How to complete this task: From the listing below, copy only the lines running from the line that contains "Latest Fashion Trend" to the line that contains "Dubai Government - Potential", both included.

Source data:
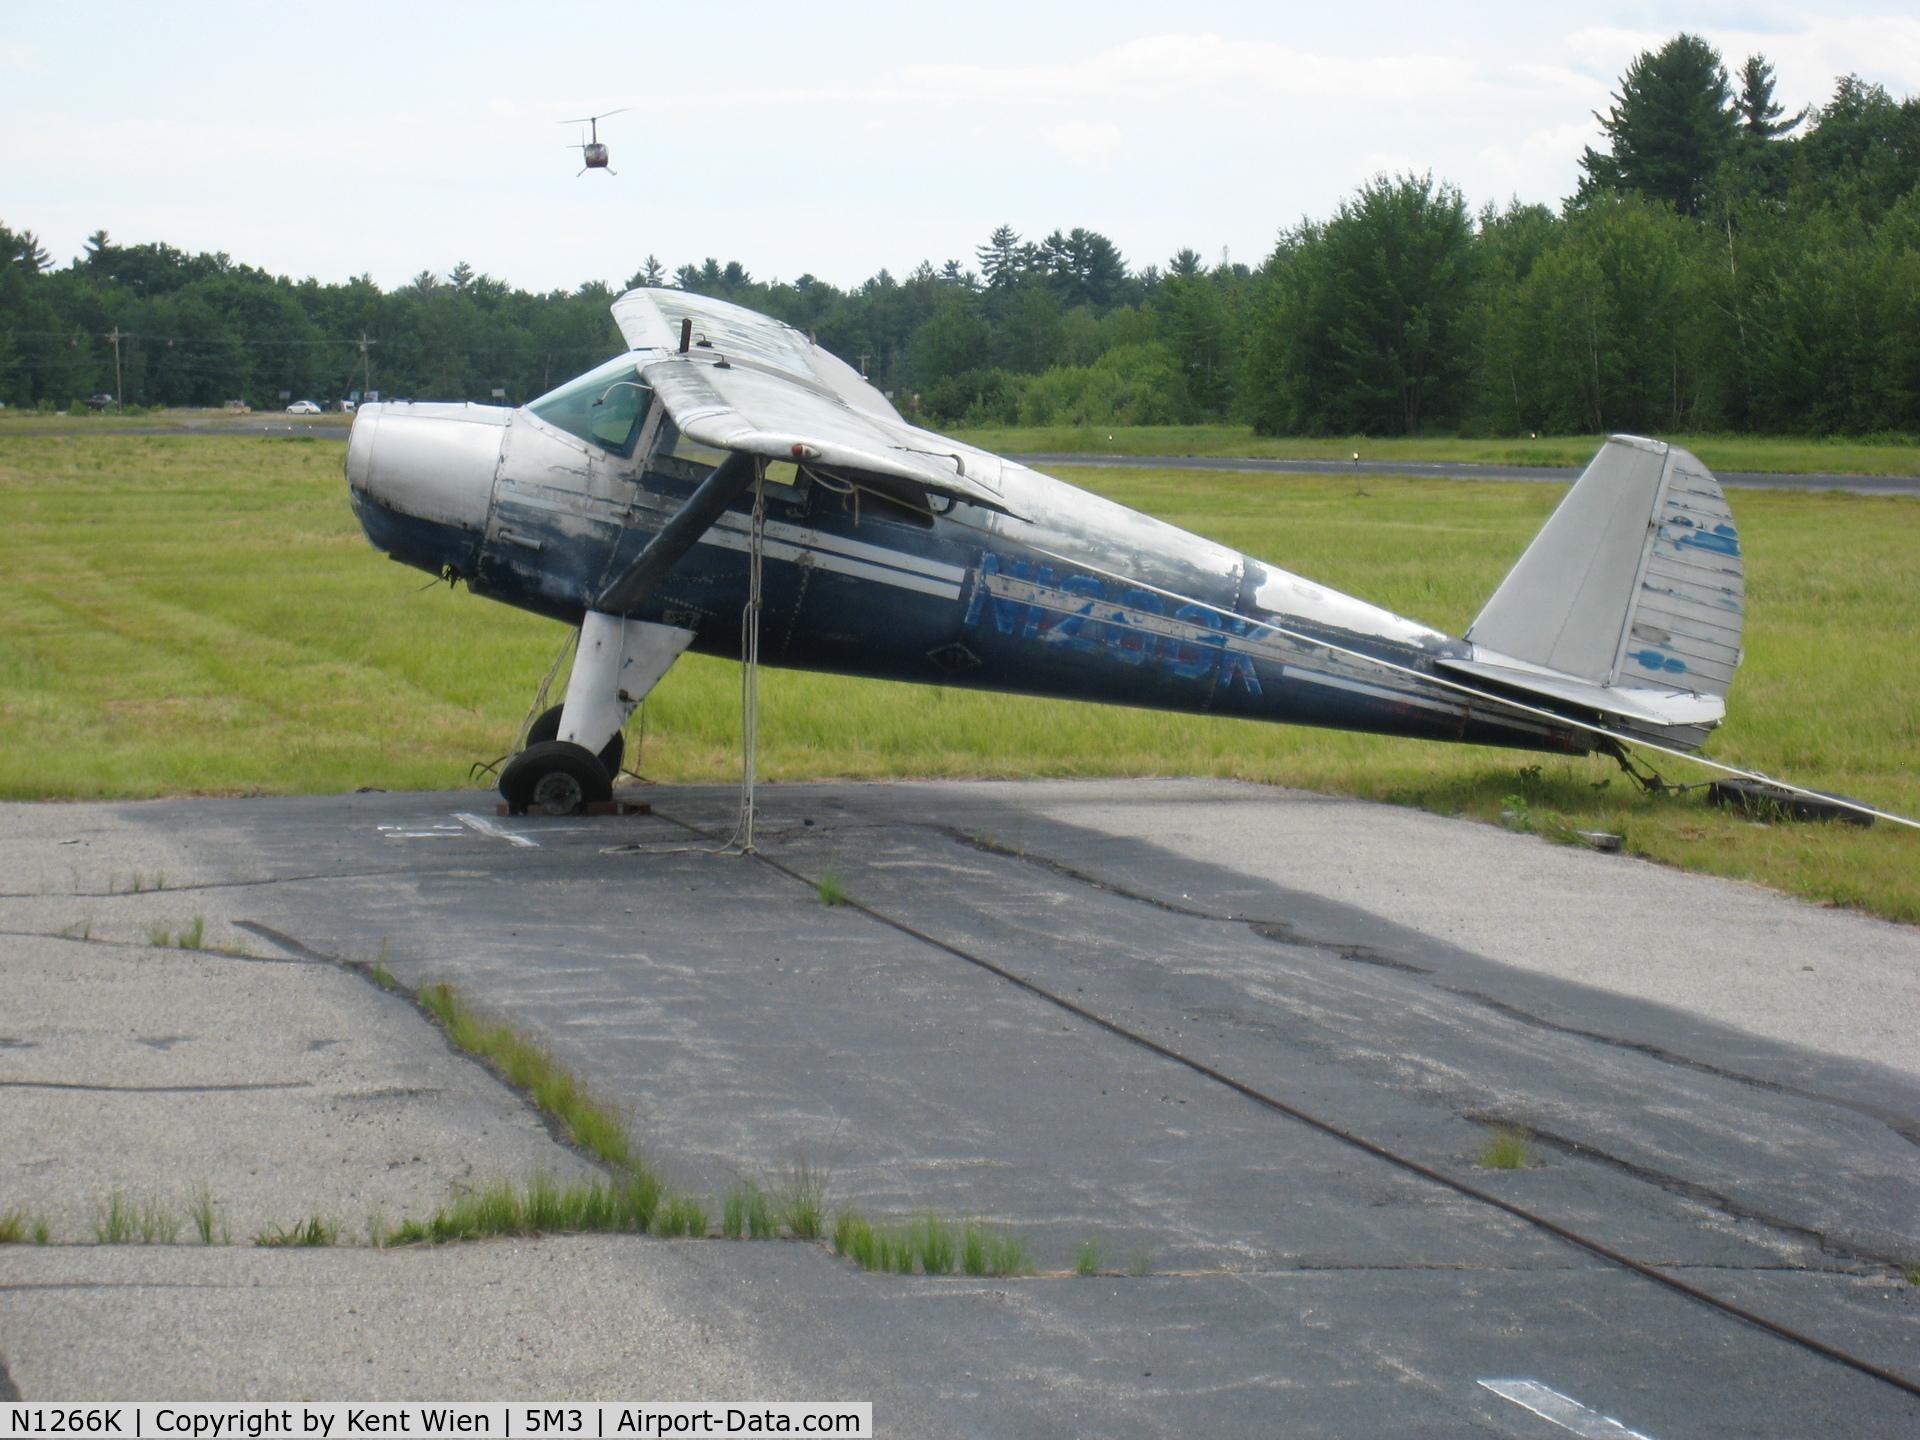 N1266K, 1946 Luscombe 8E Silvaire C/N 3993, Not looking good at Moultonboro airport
...
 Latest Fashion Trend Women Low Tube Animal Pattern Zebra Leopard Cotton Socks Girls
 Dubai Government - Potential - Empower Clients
---
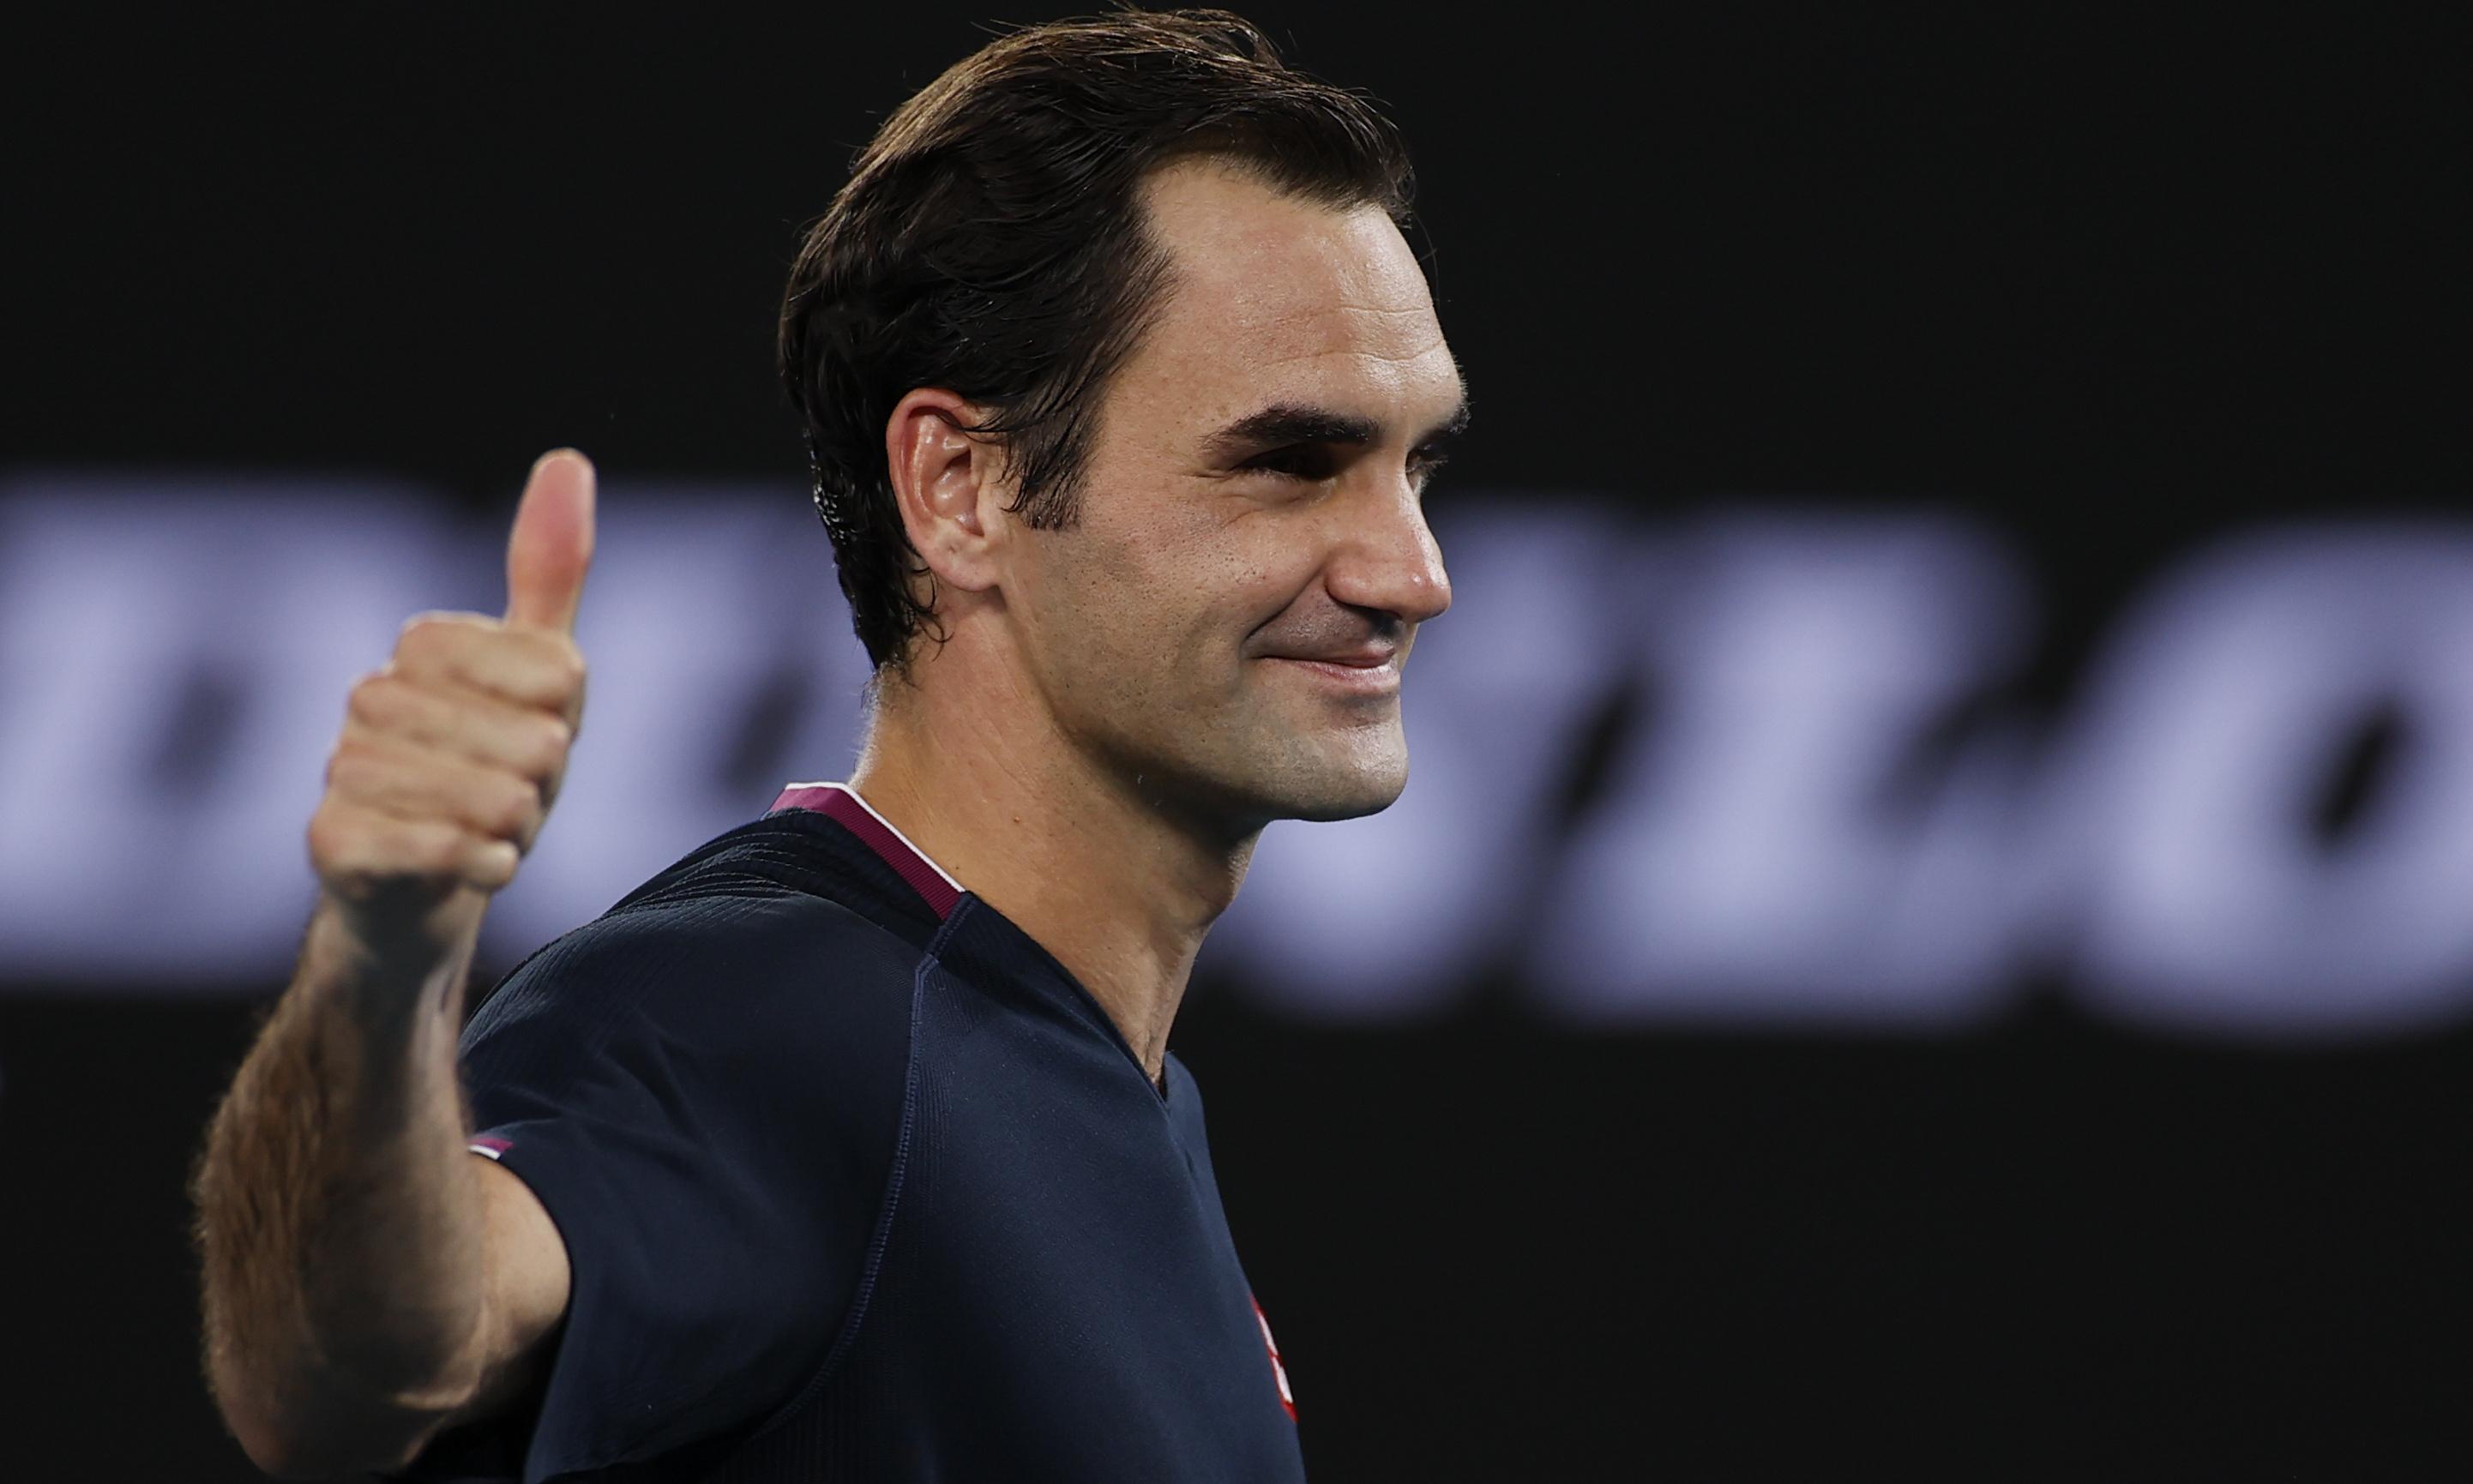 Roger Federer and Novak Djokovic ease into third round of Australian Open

Worked solution:
 Latest Fashion Trend Women Low Tube Animal Pattern Zebra Leopard Cotton Socks Girls
 Dubai Government - Potential - Empower Clients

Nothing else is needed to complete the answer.